= Zygmunt Szweykowski (historian) =

Polish historian (1894-1978)

Zygmunt Szweykowski (7 April 1894 – 11 February 1978) was a historian of Polish literature who specialized in 19th-century Polish prose.

==Life==
Zygmunt Szweykowski was born on 7 April 1894 in Krośniewice. In 1932–39, Szweykowski held a professorship at the Free Polish University (Wolna Wszechnica Polska) in Warsaw and Łódź. He was the father of musicologist Zygmunt Szweykowski.

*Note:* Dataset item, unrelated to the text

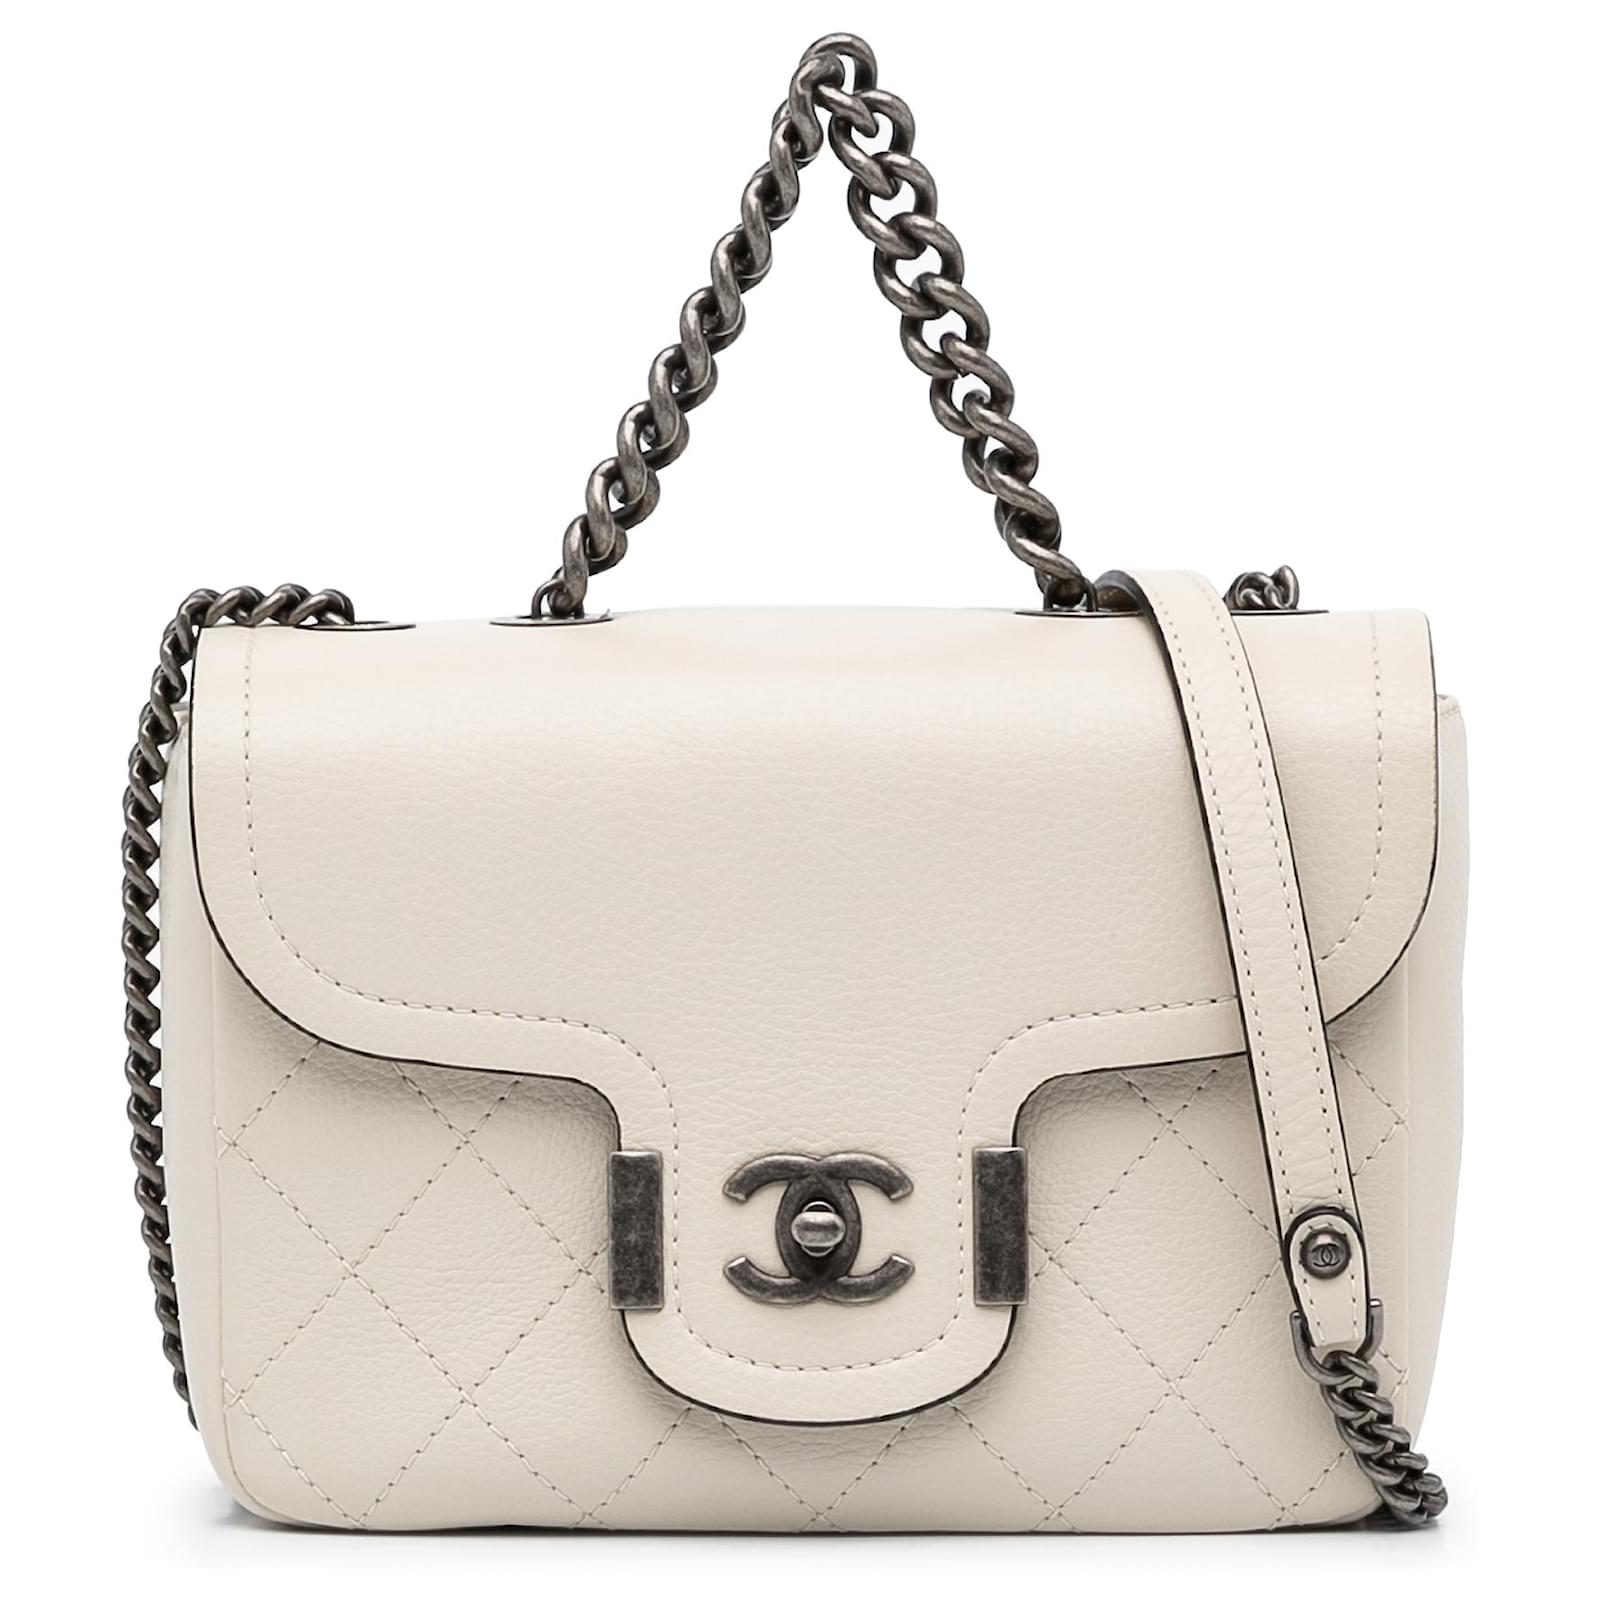 Chanel White Paris-Greece Large Archi Chic Flap Bag

During the World War II Nazi occupation of Poland, he participated, at the risk of his life, in underground university teaching in Warsaw.

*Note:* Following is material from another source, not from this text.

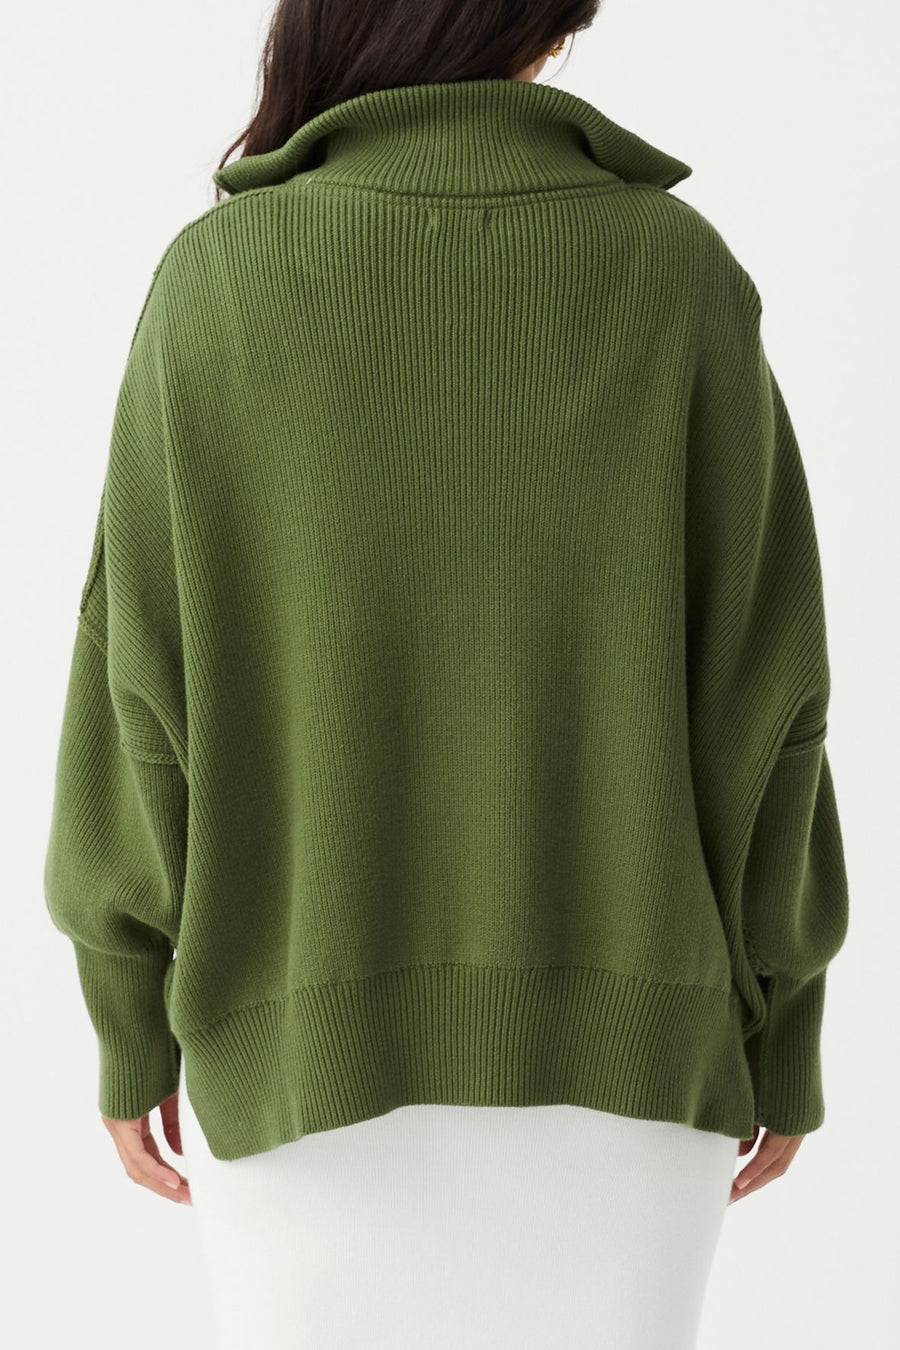 Londen Zip Sweater- Caper

From 1946 he held a chair at Poznań University. In 1950 he was inducted into the Polish Academy of Learning, and in 1951 into the Polish Academy of Sciences. He died on 11 February 1978 in Poznań.

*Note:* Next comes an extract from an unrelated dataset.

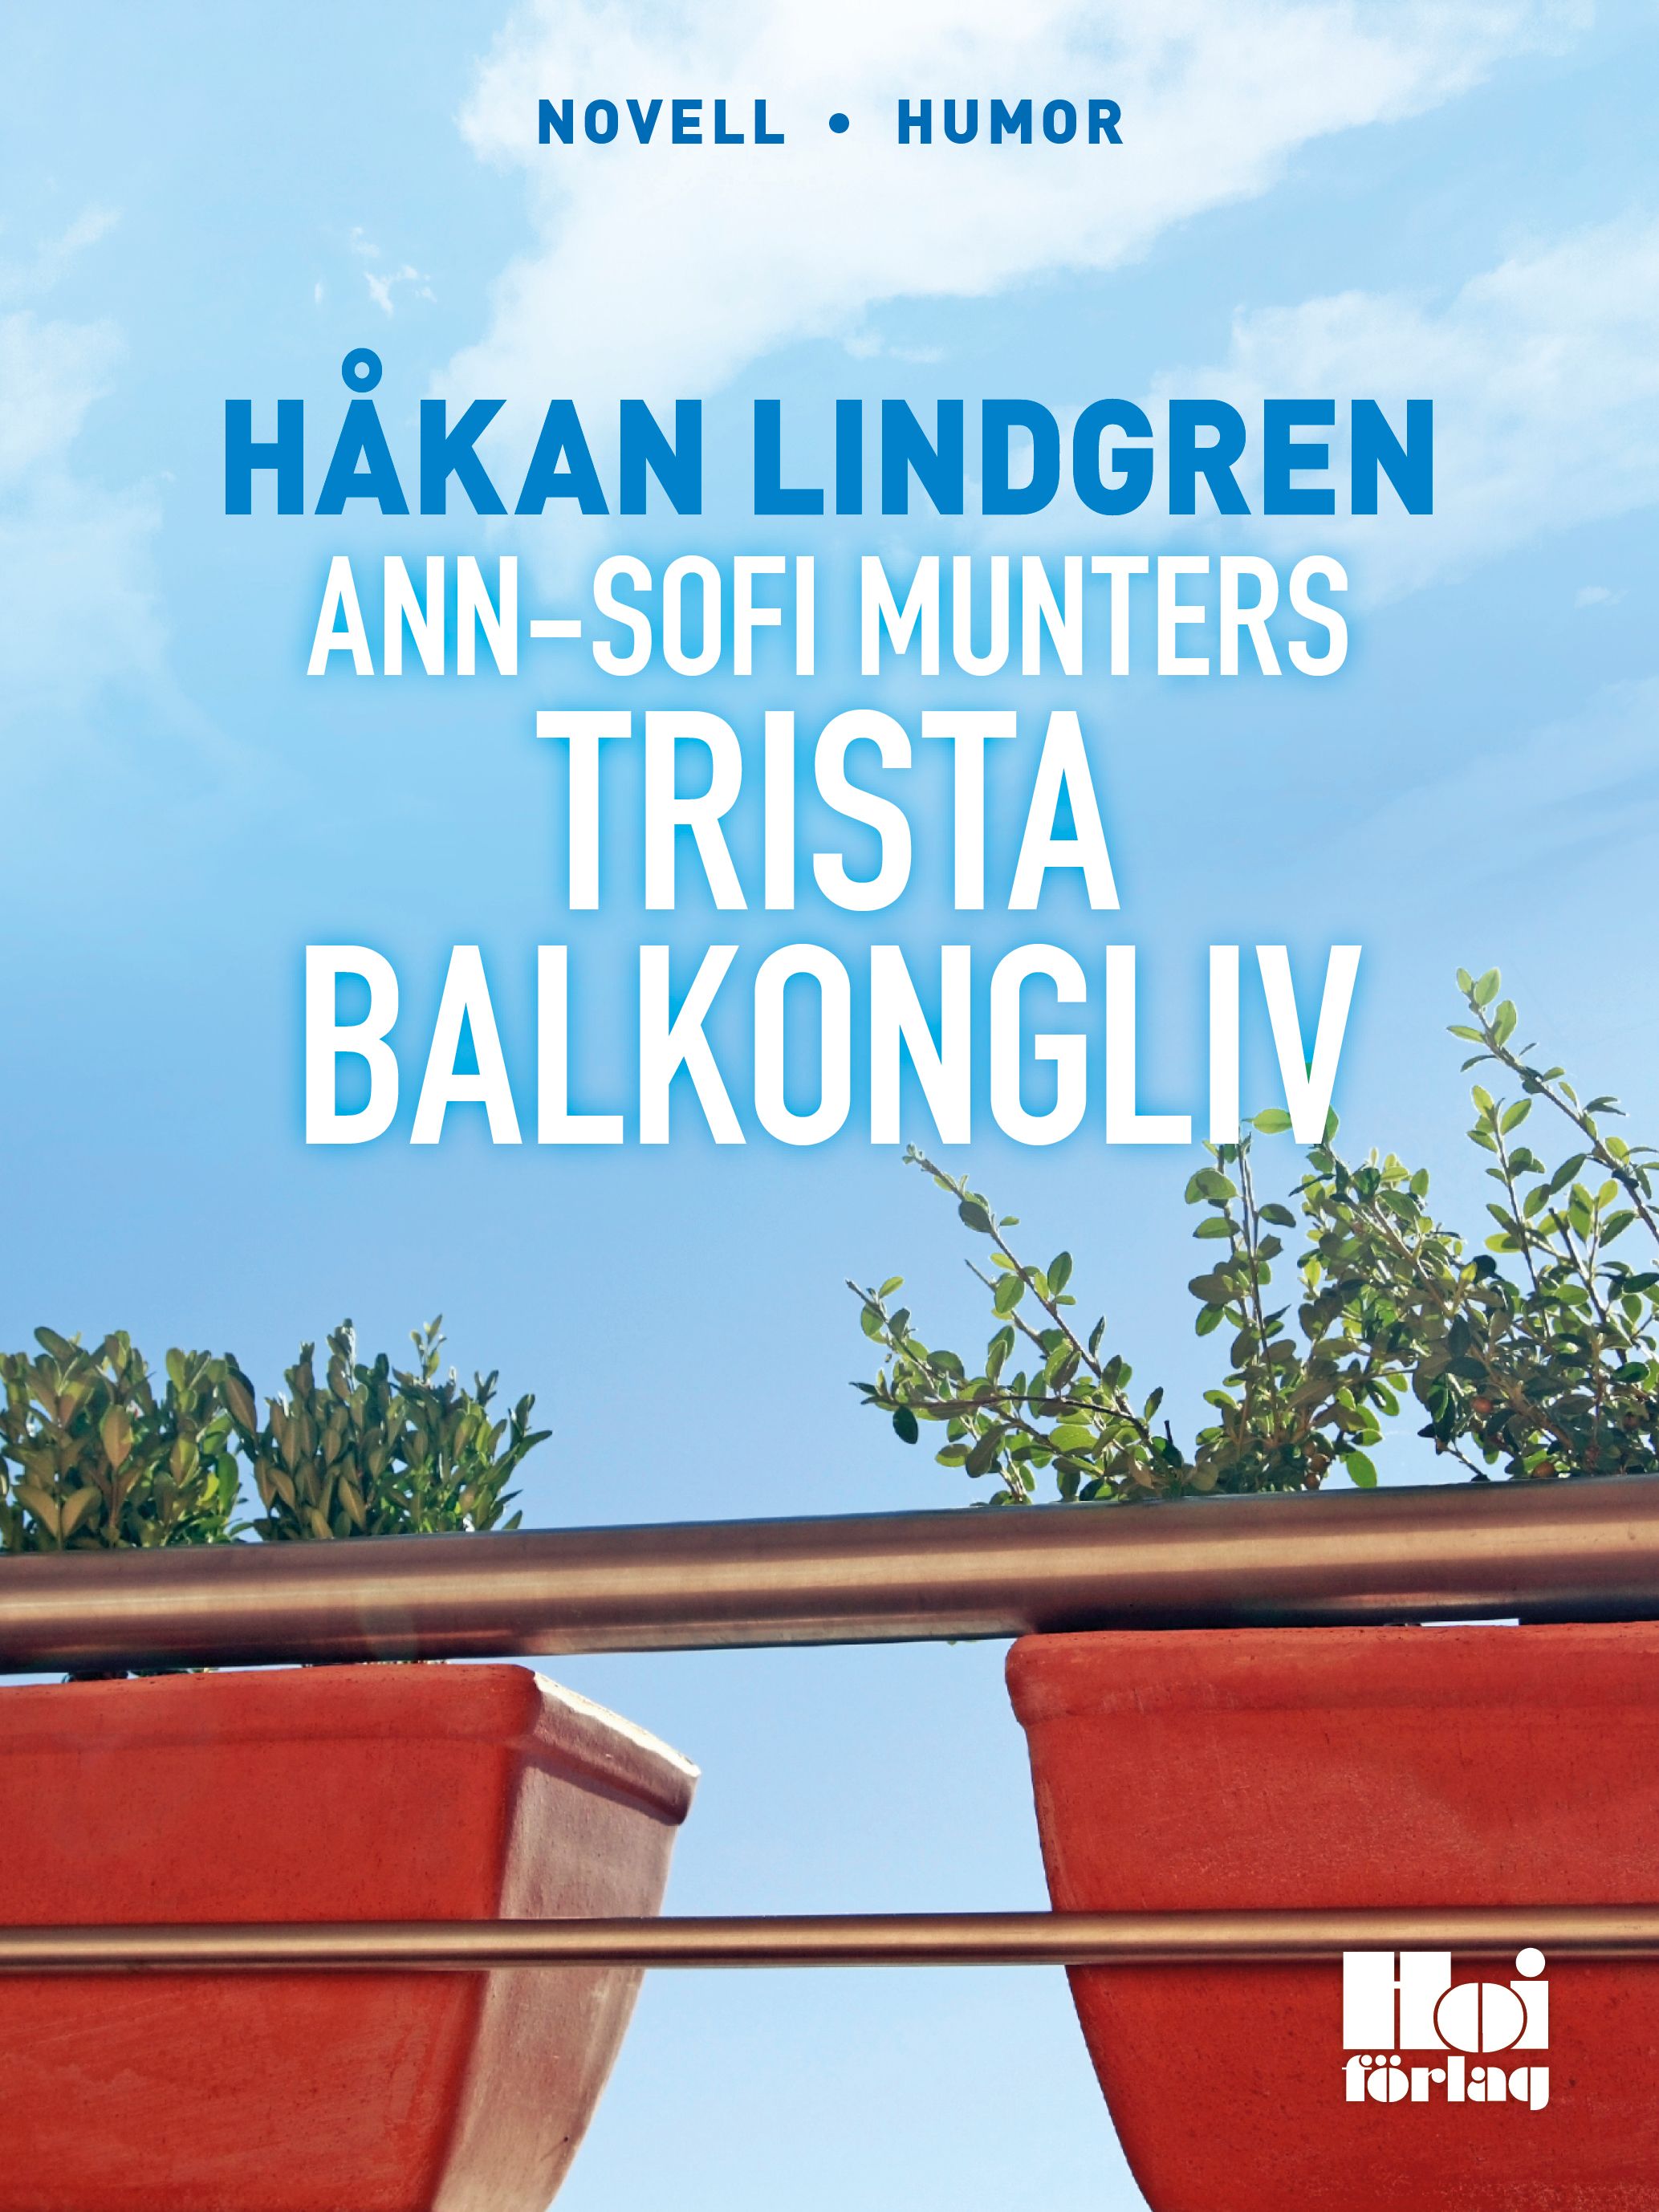 Ann-Sofi Munters trista balkongliv, e-bok av Håkan Lindgren

Szweykowski studied the 19th-century Polish novel. His books in this field included Powieści historyczne Henryka Rzewuskiego (The Historical Novels of Henryk Rzewuski, 1922) and Trylogia Sienkiewicza (Sienkiewicz's Trilogy, 1961).

His specialty, however, was the writings of Bolesław Prus. His books on Prus include Tworczość Bolesława Prusa (The Art of Bolesław Prus, 1947; 2nd ed., 1972) and Nie tylko o Prusie: szkice (Not Only about Prus: Sketches, 1967).

Beginning in 1948, Szweykowski produced monumental editions of Prus' collected Pisma (Writings). He also edited Krystyna Tokarzówna's and Stanisław Fita's exhaustive Bolesław Prus, 1847-1912: Kalendarz życia i twórczości (Bolesław Prus, 1847-1912: a Calendar of [His] Life and Work), Warsaw, Państwowy Instytut Wydawniczy, 1969.

==Works==
- Powieści historyczne Henryka Rzewuskiego (The Historical Novels of Henryk Rzewuski, 1922)
- "Lalka" Bolesława Prusa (Bolesław Prus' The Doll, 1927)
- Twórczość Bolesława Prusa (The Creative Writing of Bolesław Prus, 1947, 1972)
- "Trylogia" Henryka Sienkiewicza. Szkice (Henryk Sienkiewicz's Trilogy: Sketches, 1961)
- Nie tylko o Prusie (Not Only about Prus, 1967)
- "Trylogia" Sienkiewicza i inne szkice o twórczości pisarza (Sienkiewicz's Trilogy and Other Sketches about the Writer's Works, 1973)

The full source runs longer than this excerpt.